Nor is the Church averse to speaking out. During a May 11 Mass at Notre-Dame de Fatima in Kinshasa, in memory of the victims of the May 3 bombing of the camps in Lac Vert and Mugunga, Fr. Eric Mashako condemned what he called "war crimes" and called on the international community to intervene, reported Fides, the news service of the Pontifical Mission Societies. 

Weapons controlling mines and people

One issue that seems to be driving much of the fighting is the natural resources found in the DRC. A lot of the minerals mined there are exported via Rwanda or Uganda. 

Said The Economist, “A weak central government in Kinshasa ... has allowed the emergence of around 120 armed groups that fight one another and the army for control of mines, people, and land. A national army too ineffectual to provide security for the region’s people or to control the country’s borders has been an open invitation to meddling by neighbors.”

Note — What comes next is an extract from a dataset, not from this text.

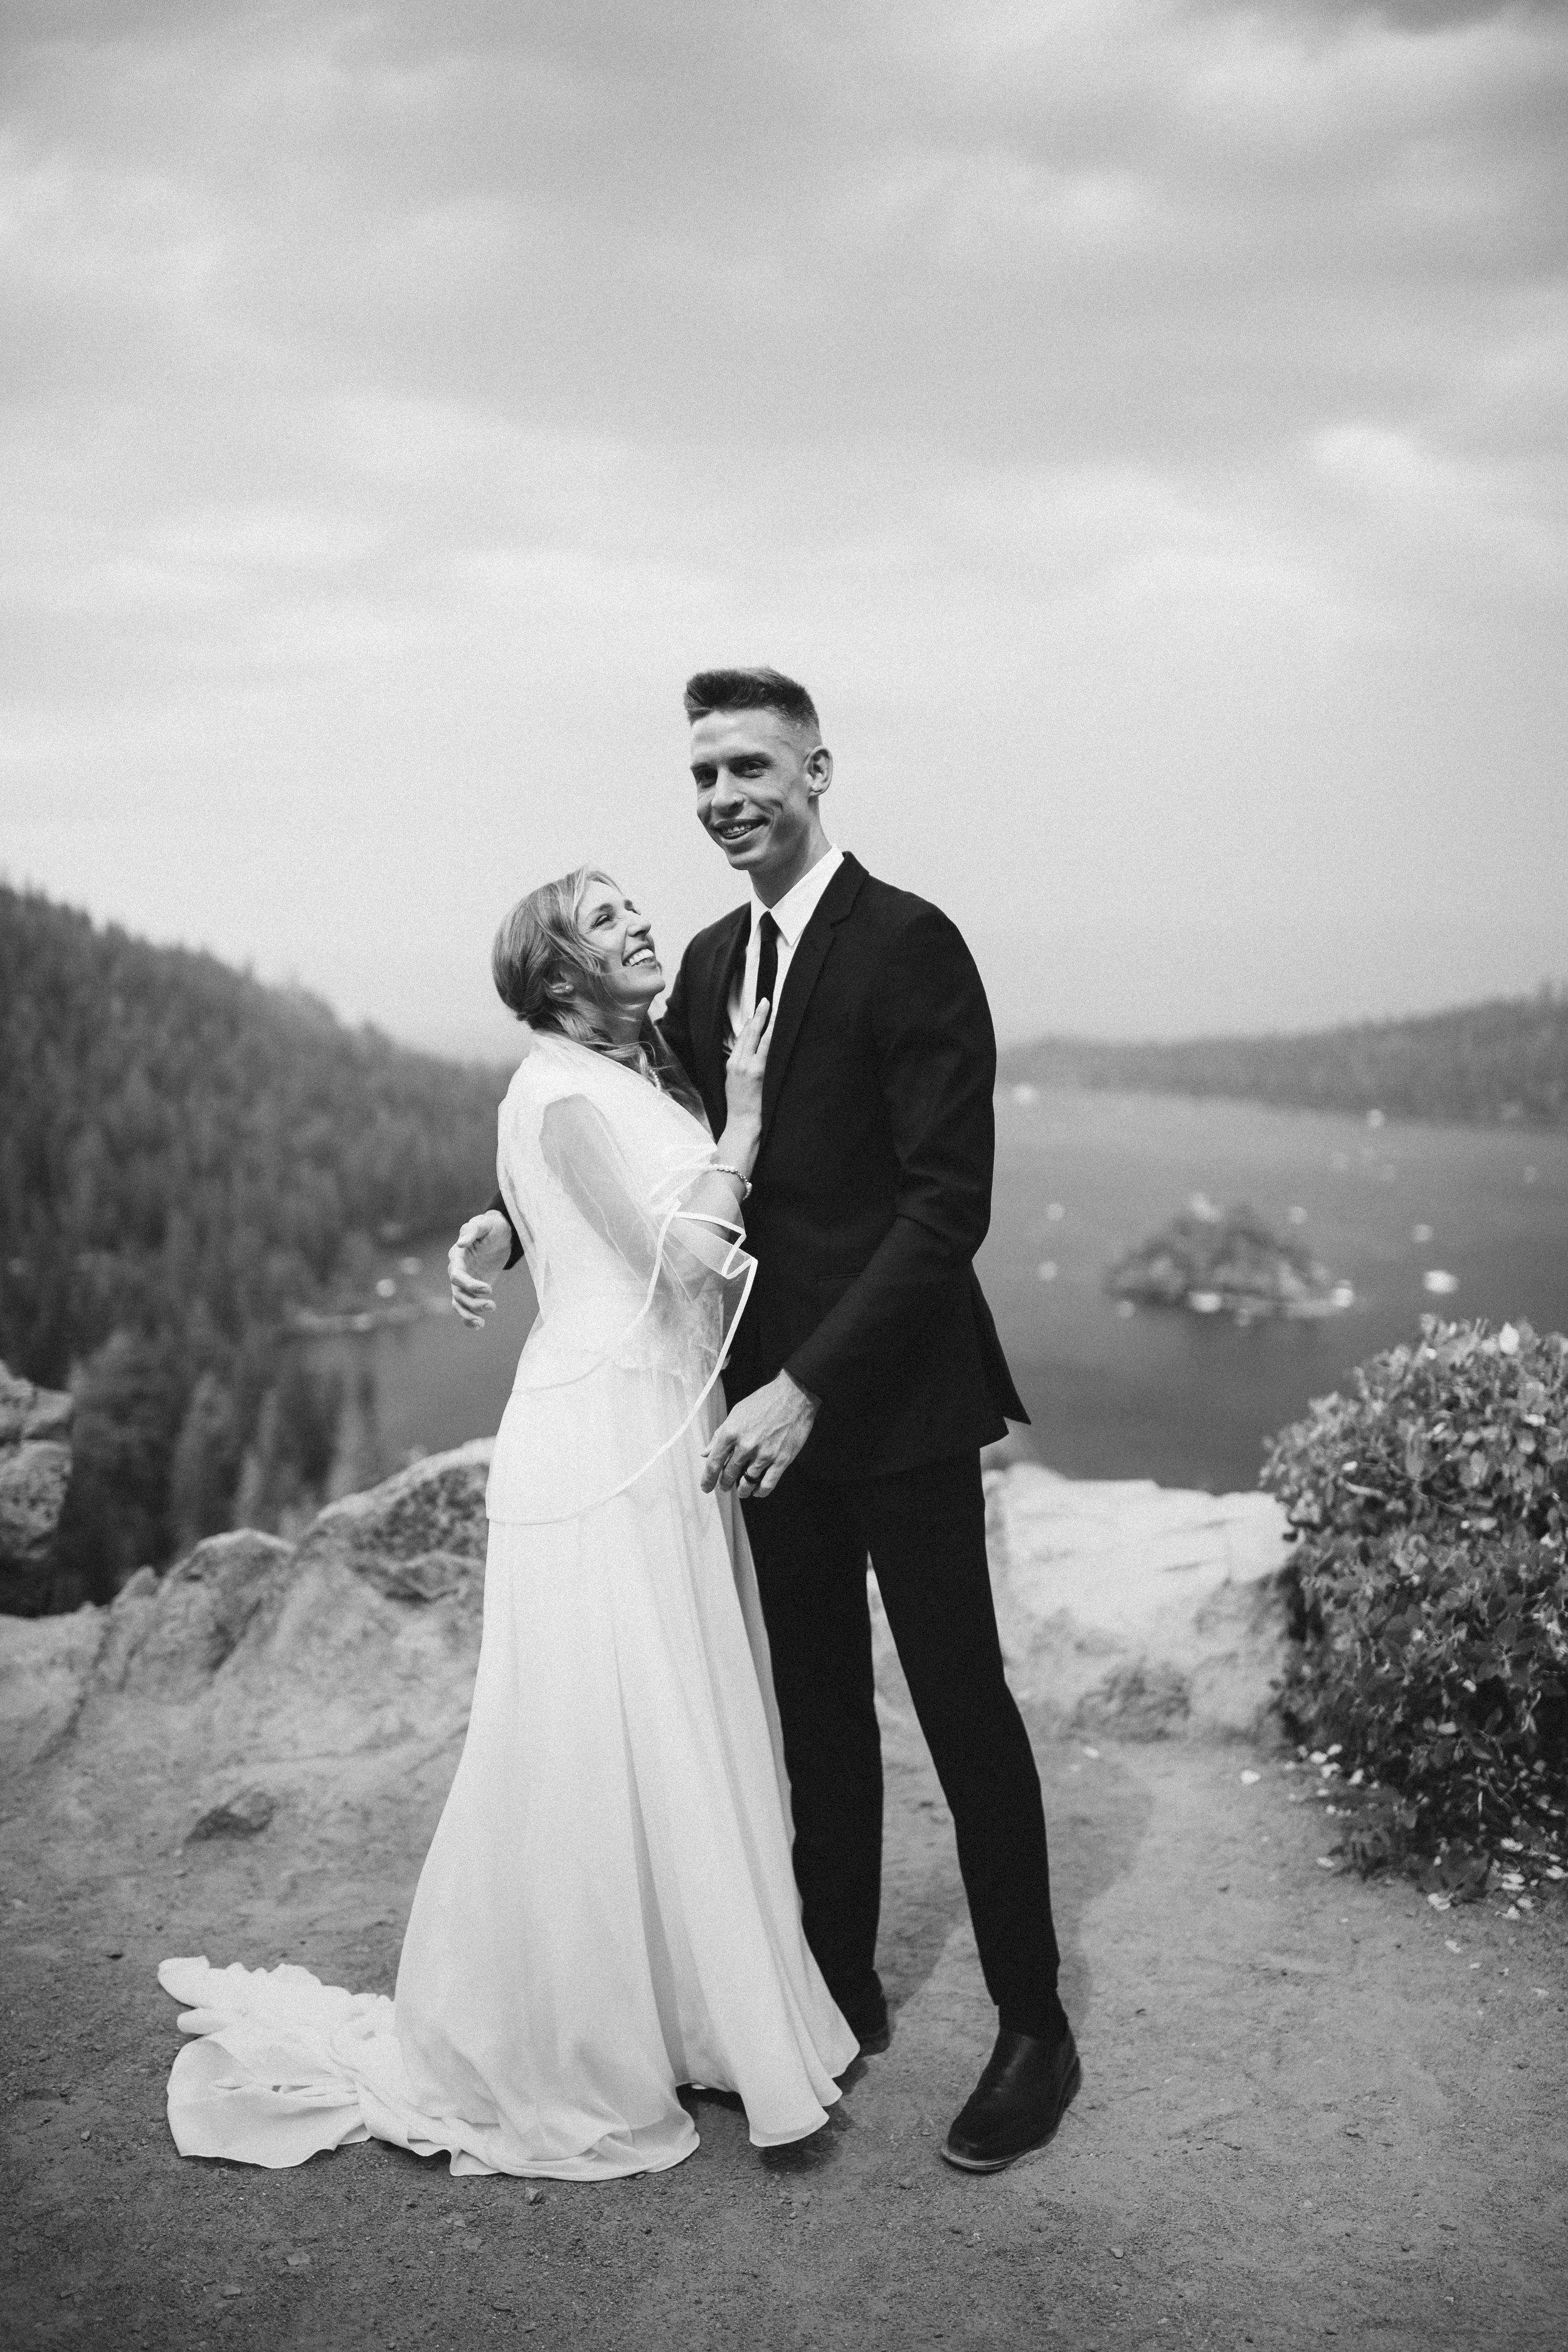 0M7A0772vildphotography-adventurewedding-adventurouswedding-tahoewedding-laketahoewedding-adventureelopement-laketahoeweddingphotographer-wedding-photographer-weddingphotographer-Chase-Sam.jpg

Pope Francis spoke out about this during a visit to the DRC in early 2023.

“I make a heartfelt appeal to all the people, to all the internal and external organizations that orchestrate war in the Democratic Republic of the Congo in order to plunder, scourge, and destabilize the country,” Francis said. “You are enriching yourselves through the illegal exploitation of this country’s goods and through the brutal sacrifice of innocent victims.

Listen to the cry of their blood (cf. Gen 4:10), open your ears to the voice of God, who calls you to conversion, and to the voice of your conscience: Put away your weapons, put an end to war.

Enough! Stop getting rich at the cost of the poor, stop getting rich from resources and money stained with blood!”